I didn't read ALL the replies but what about extra gas?

Oh and if you have a little money to burn and want a little extra protection for your car theres films to put on your vehicles glass to make it less...shatter prone.

One such site http://www.shattergard.com/vehiclegardhome.html

I'm still researching some more of the "shatterproof" type of films.


----------



## Kevin108

CulexPipiens said:


> No experience with these, but if someone wants something like a flare, perhaps these would work.
> 
> Amazon.com: 3 FlareAlert LED Emergency Beacon Flares with Storage Bag: Automotive


For aux lighting and emergency road marking, they are cheaper and probably more readily-available.



mikesolid said:


> I didn't read ALL the replies but what about extra gas?
> 
> Oh and if you have a little money to burn and want a little extra protection for your car theres films to put on your vehicles glass to make it less...shatter prone.
> 
> One such site Window & Glass Protection Films By ShatterGARD. Available In Your Hometown!!
> 
> I'm still researching some more of the "shatterproof" type of films.
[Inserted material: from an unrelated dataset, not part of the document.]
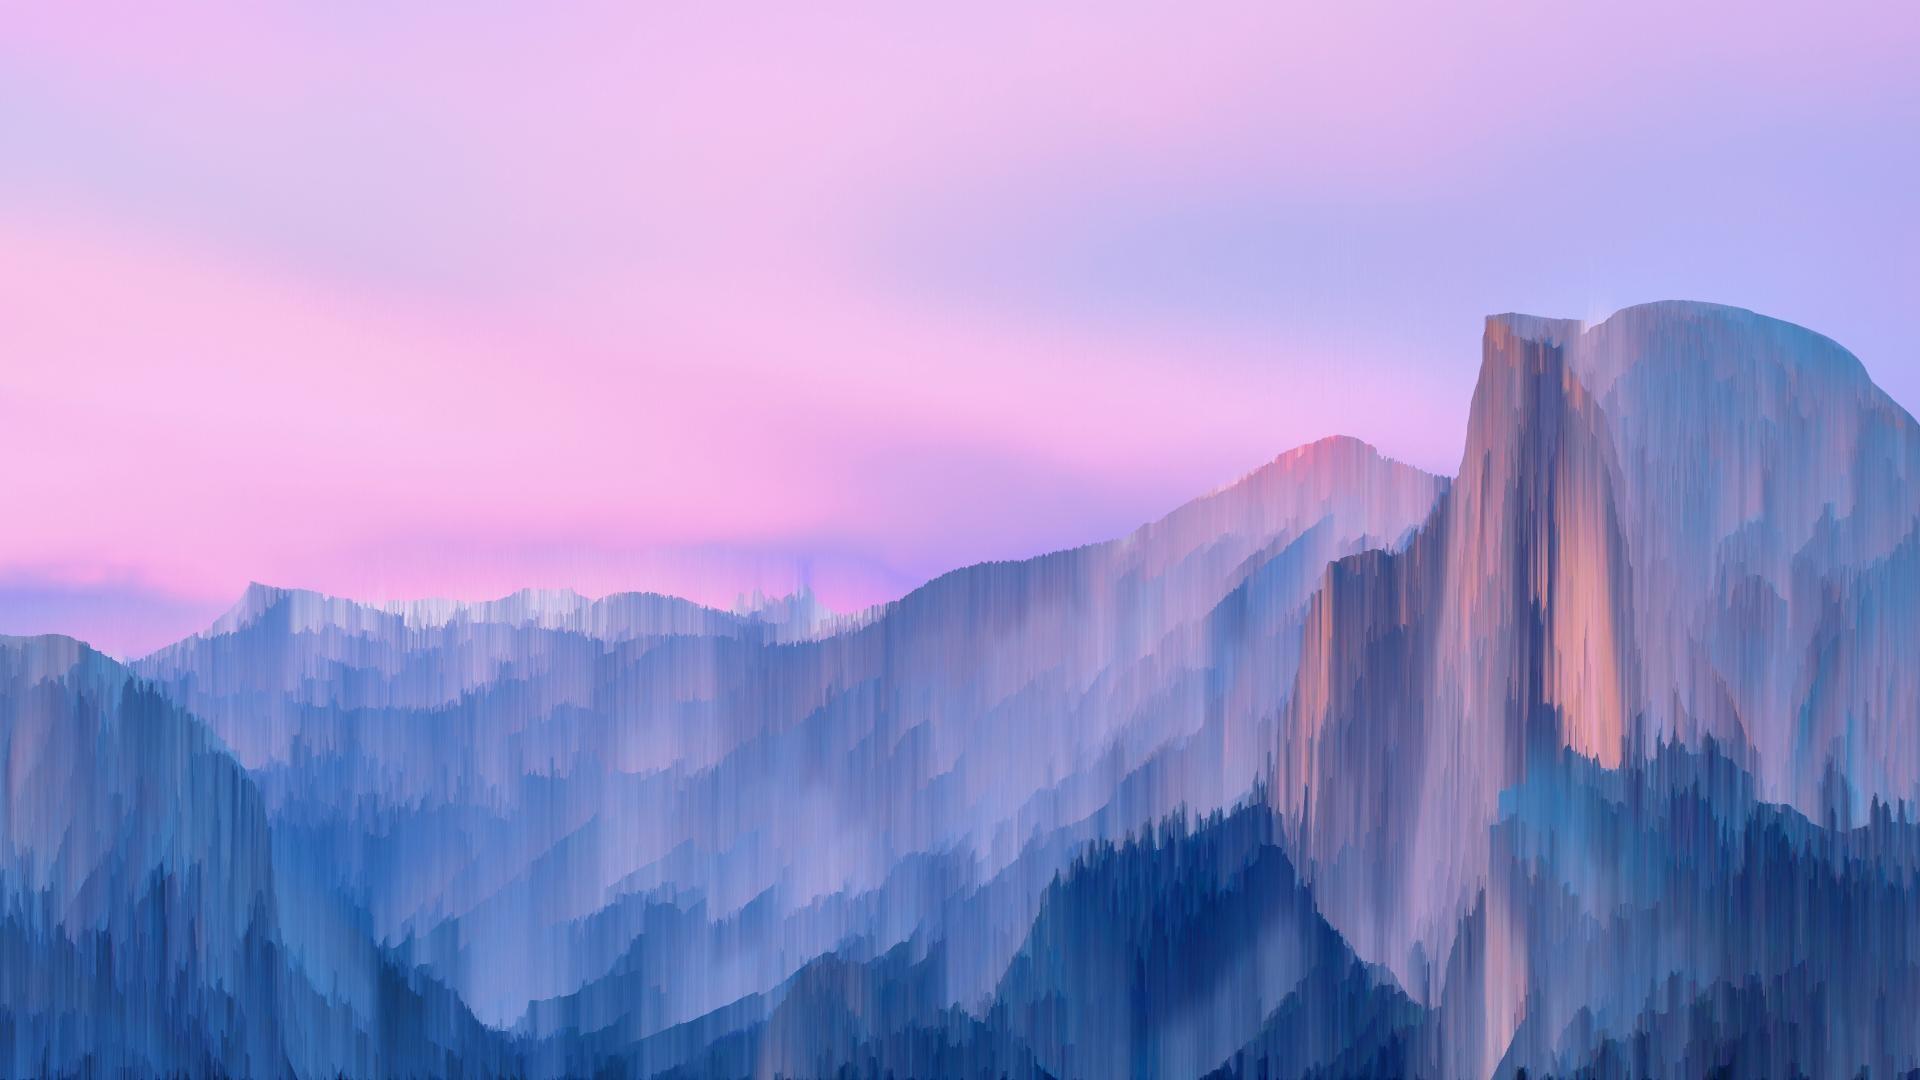 Google Pixel Wallpaper ① Download Free High Resolution Wallpapers
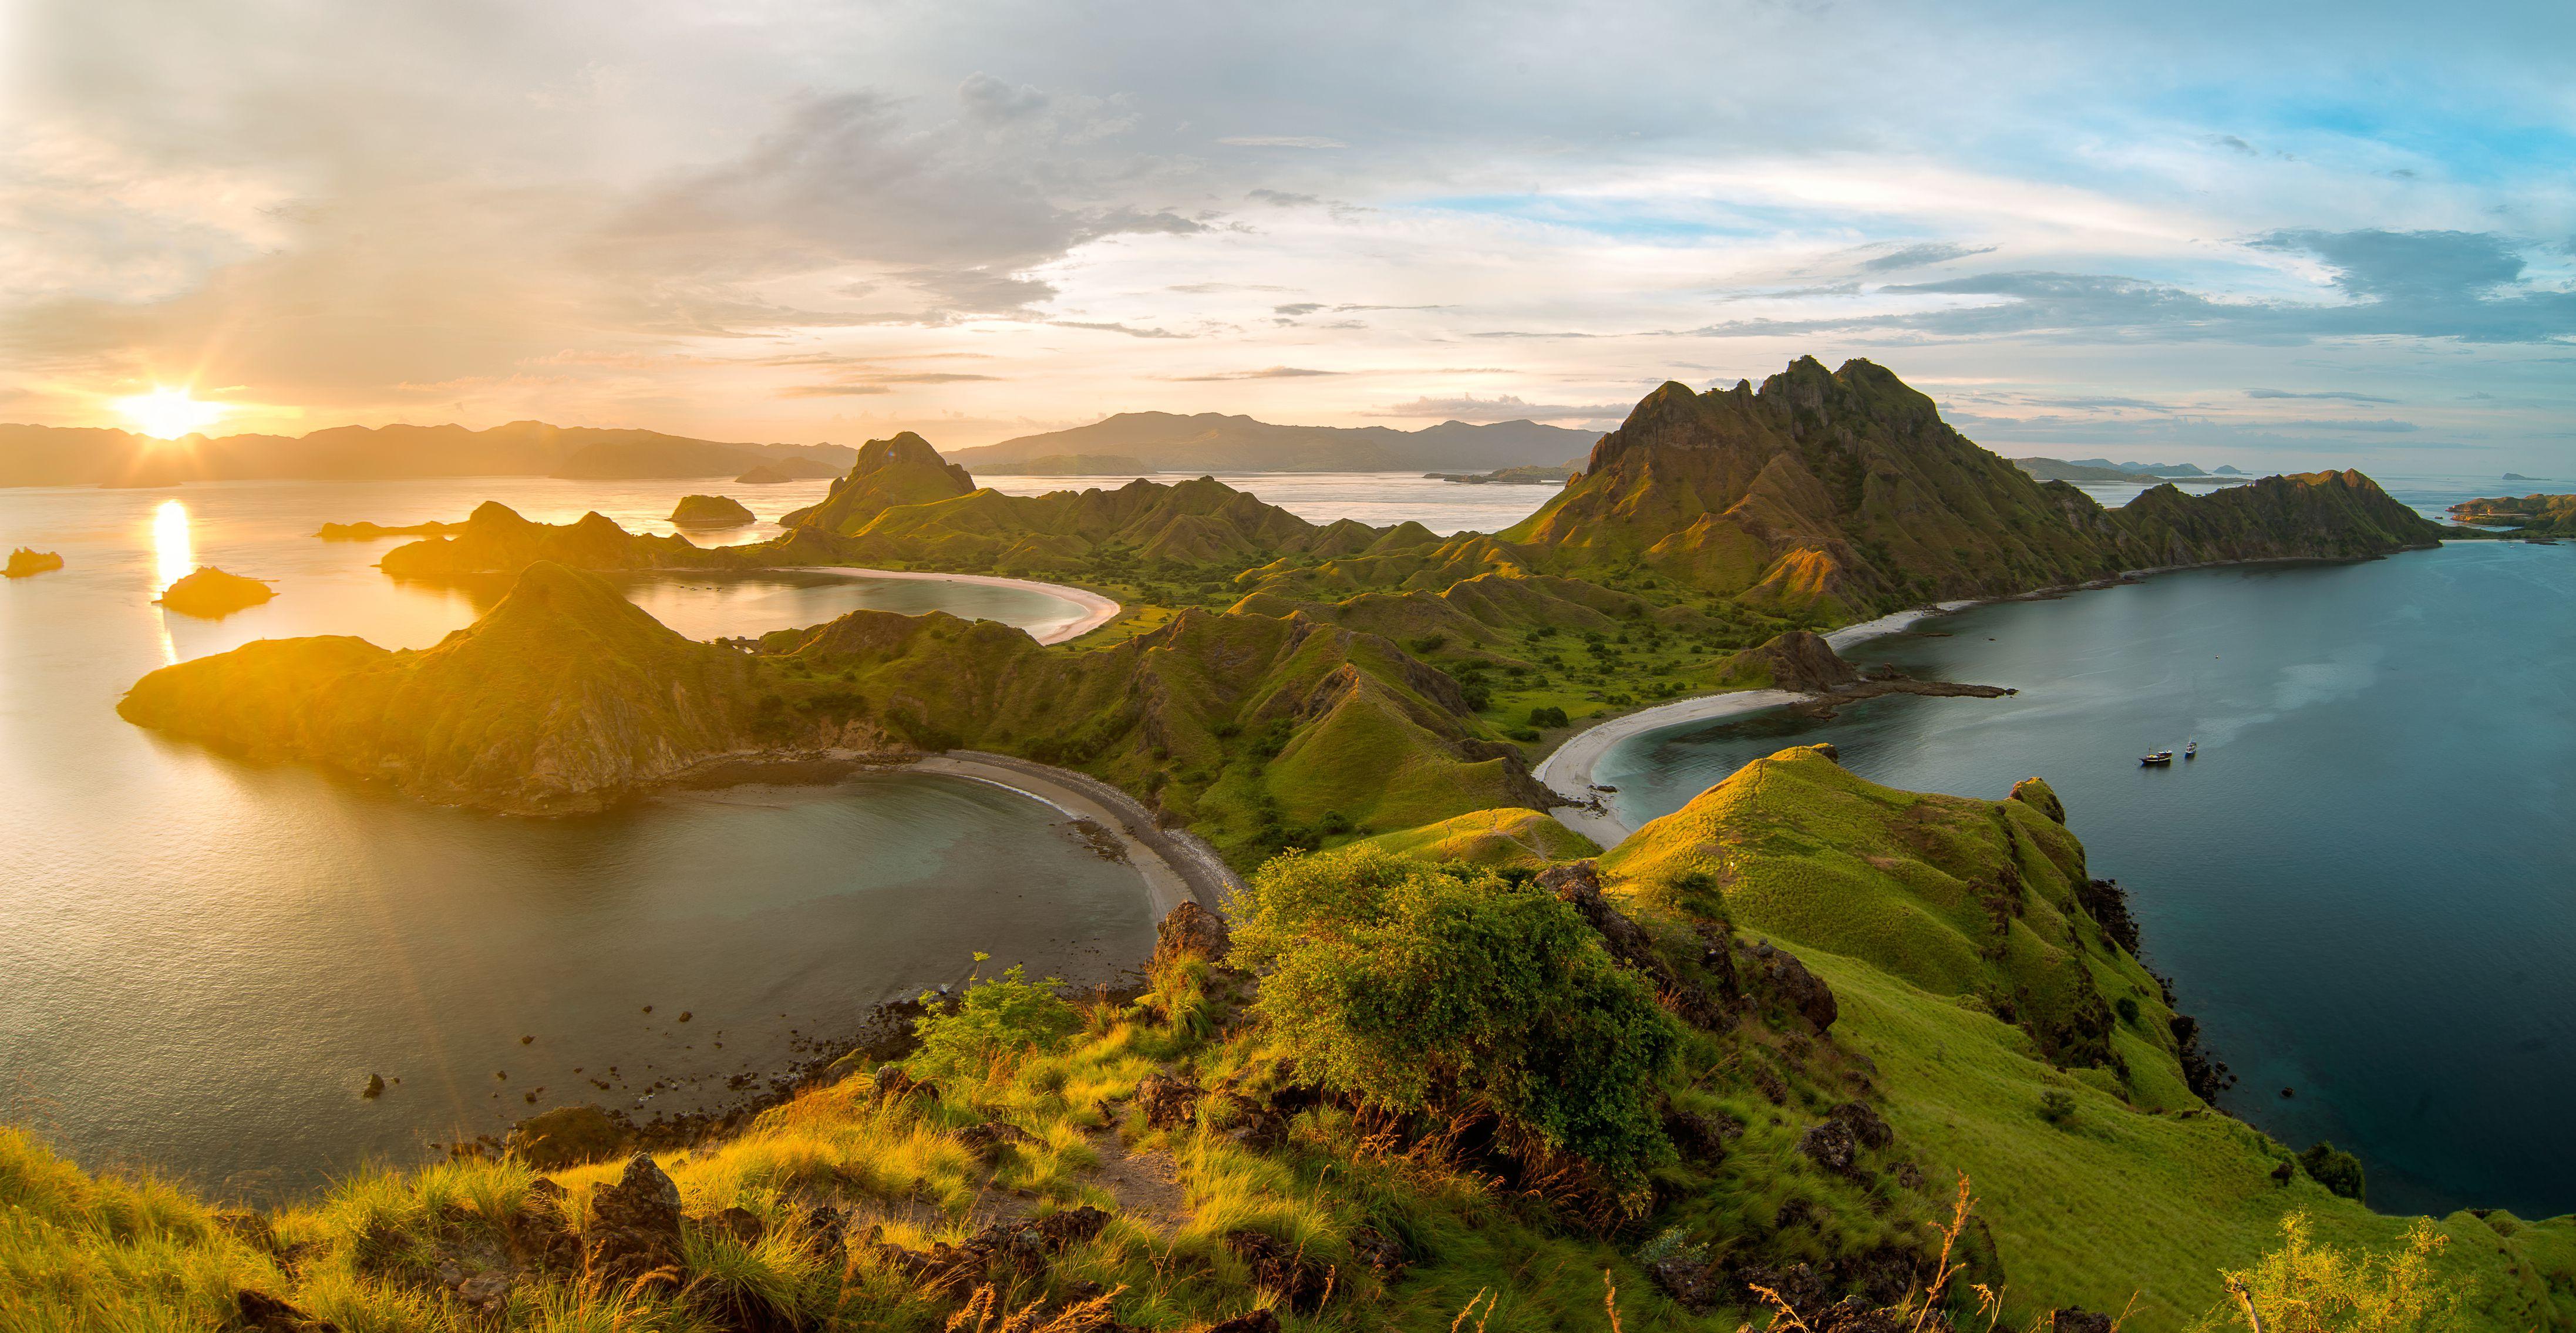 Sunset over Padar Island, Indonesia

We are typically talking about breaking down after SHTF or TEOTWAWKI so I don't think flares or signals will be that big a deal. I have looked at battery-operated glow sticks with a flash option.


----------



## VUnder

stayingthegame said:


> snow chains once got me out of deep mud. I was outside of New Orleans and it was summer. four teen boys came to help me couldn't push it out. went in my trunk pulled out the chains, put them on and pulled out with just a little bit of push from the boys. they were fascinated by them and the young (18 yo) woman who put them on.:2thumb:


I didn't know they made snow chains for Model T's.....sorry, I couldn't help it.


----------



## VUnder

Everybody needs to carry a replacement belt and some kind of finnagled tool to put that belt on with. I carry a beat to fit end wrench that I bent to fit the contour of the pulley, and have an arm chair piece of aluminum square tubing for a cheater. Every once in a while mine throws a belt. 

Some coolant, maybe a jug of antifreeze water mix, but I always have a 5 gal water can in my truck. I can drink it, or the truck can drink it. Belts and hoses are the highest percentage of troubles. These aluminum head engines do not like to overheat at all. Usually cracks or warps a head. Teach your family to never ever run it hot, stop and find what the problem is as soon as the temperature rises. Teach your other half how to bypass the heater core, how to repair a radiator hose with a hose mending kit, how to change a serpentine belt, how to jump a vehicle off properly, how to change a flat. Last week my dad went and bought a new bull. The old man that was selling the bull also gave my dad an injured cow. He had to go and would not be able to doctor the cows bad foot. His grandson, 30, just got killed changing a tire and the truck fell on him.


----------



## ashley8072

VUnder said:


> Everybody needs to carry a replacement belt and some kind of finnagled tool to put that belt on with. I carry a beat to fit end wrench that I bent to fit the contour of the pulley, and have an arm chair piece of aluminum square tubing for a cheater. Every once in a while mine throws a belt.
> 
> Some coolant, maybe a jug of antifreeze water mix, but I always have a 5 gal water can in my truck. I can drink it, or the truck can drink it. Belts and hoses are the highest percentage of troubles. These aluminum head engines do not like to overheat at all. Usually cracks or warps a head. Teach your family to never ever run it hot, stop and find what the problem is as soon as the temperature rises. Teach your other half how to bypass the heater core, how to repair a radiator hose with a hose mending kit, how to change a serpentine belt, how to jump a vehicle off properly, how to change a flat. Last week my dad went and bought a new bull. The old man that was selling the bull also gave my dad an injured cow. He had to go and would not be able to doctor the cows bad foot. His grandson, 30, just got killed changing a tire and the truck fell on him.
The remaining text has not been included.